H0 : Residual Homoscedasticity HA : Residual Heteroscedasticity

Because our p-value is <0.5, then the H0 is rejected, so our data error is heteroscedastic, it means our data is not too suitable to use this regression model.

par(mfrow = c(2,2))
plot(model_bo_clean)

Visually, there is not much improvement by removing the outlier. In the next section, we will try to predict using all our built models.

Prediction

Create objects that contain predicted values.

pred_single <- predict(model_single, test)
pred_full <- predict(model_full, test)
pred_bo_vif <- predict(model_bo_vif, test)
pred_bo_clean <- predict(model_bo_clean, test)

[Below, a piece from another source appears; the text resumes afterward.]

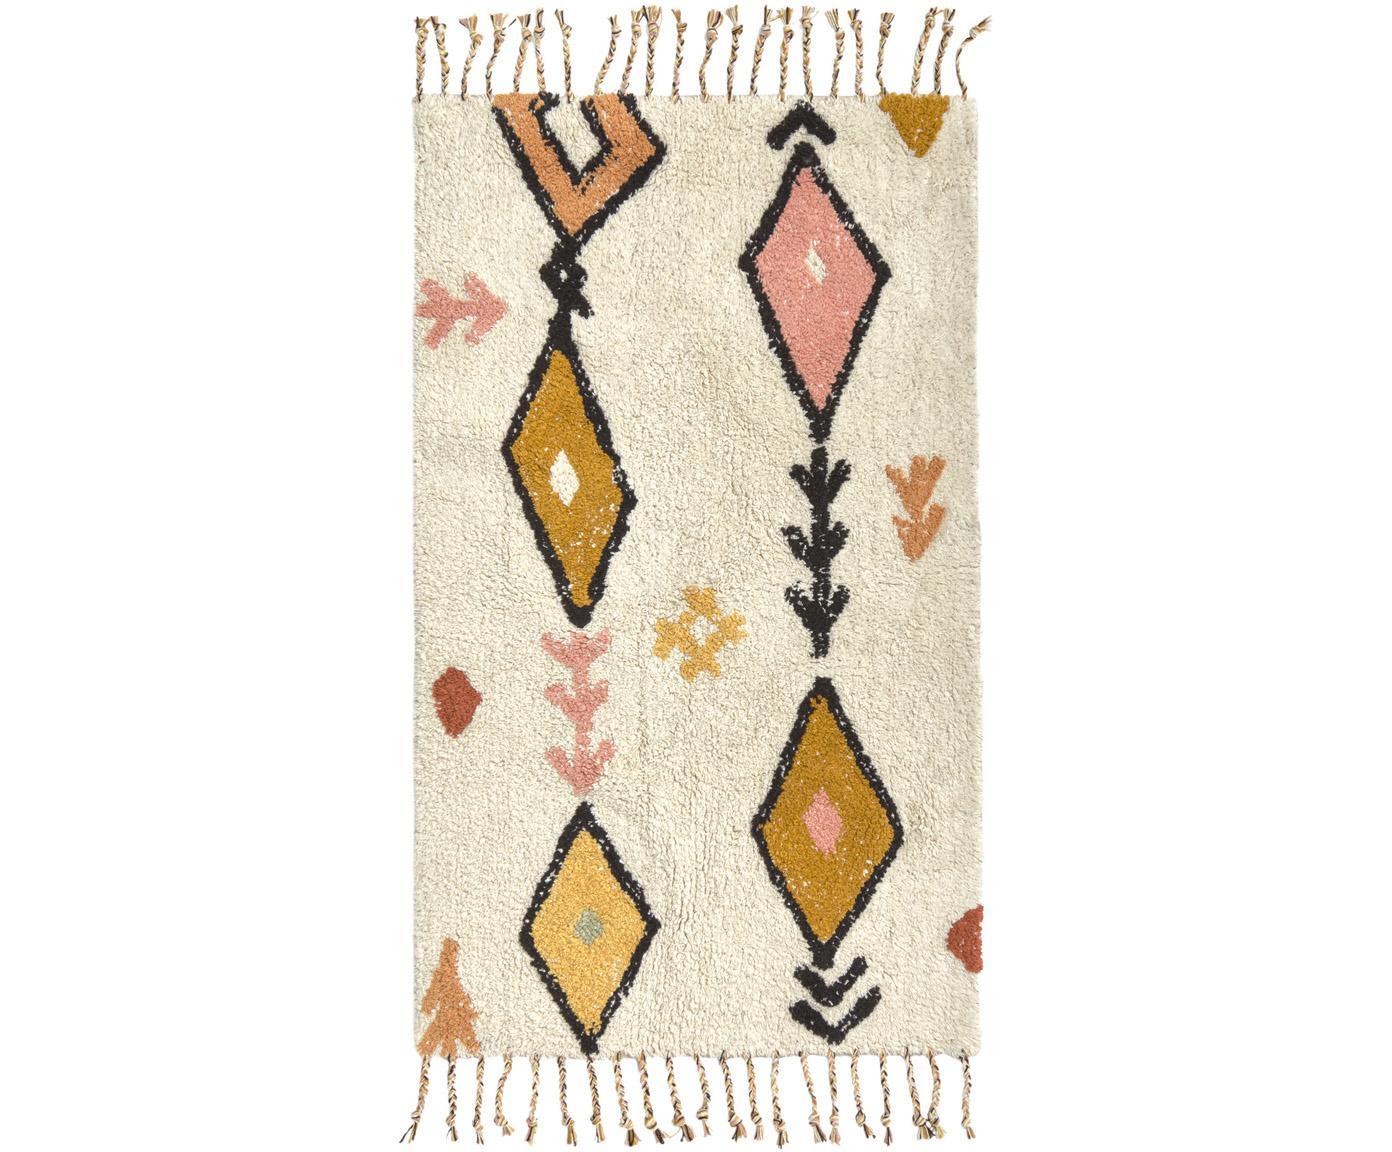 Teppich Bereber mit Ethno-Muster und Fransen, 100% Baumwolle, Cremefarben, Mehrfarbig, B 60 x L 90 cm (Größe XXS)

Now we will computes the root mean squared error between each of predictions and the test data.

library(MLmetrics)

## Warning: package 'MLmetrics' was built under R version 3.6.2

## 
## Attaching package: 'MLmetrics'

## The following object is masked from 'package:base':
## 
##     Recall

RMSE(pred_single, test$price)

## [1] 1545.377

RMSE(pred_full, test$price)

## [1] 1110.493

RMSE(pred_bo_vif, test$price)

## [1] 1181.229

RMSE(pred_bo_clean, test$price)

## [1] 1431.266

Conclusion

Our model summary:

1. Model with single predictor: Carat

• RMSE: 1545.377
• Adj. R-squared: 0.85

2. Model with all predictors

• RMSE: 1110.493
• Adj. R-squared: 0.92

3. Model with feature selection (from step using both method)

• RMSE: 1181.229
• Adj. R-squared: 0.92

4. Model with removed outlier

• RMSE: 1431.266
• Adj. R-squared: 0.959

By looking at the RMSE, we will choose either option 2 or 3 for our model.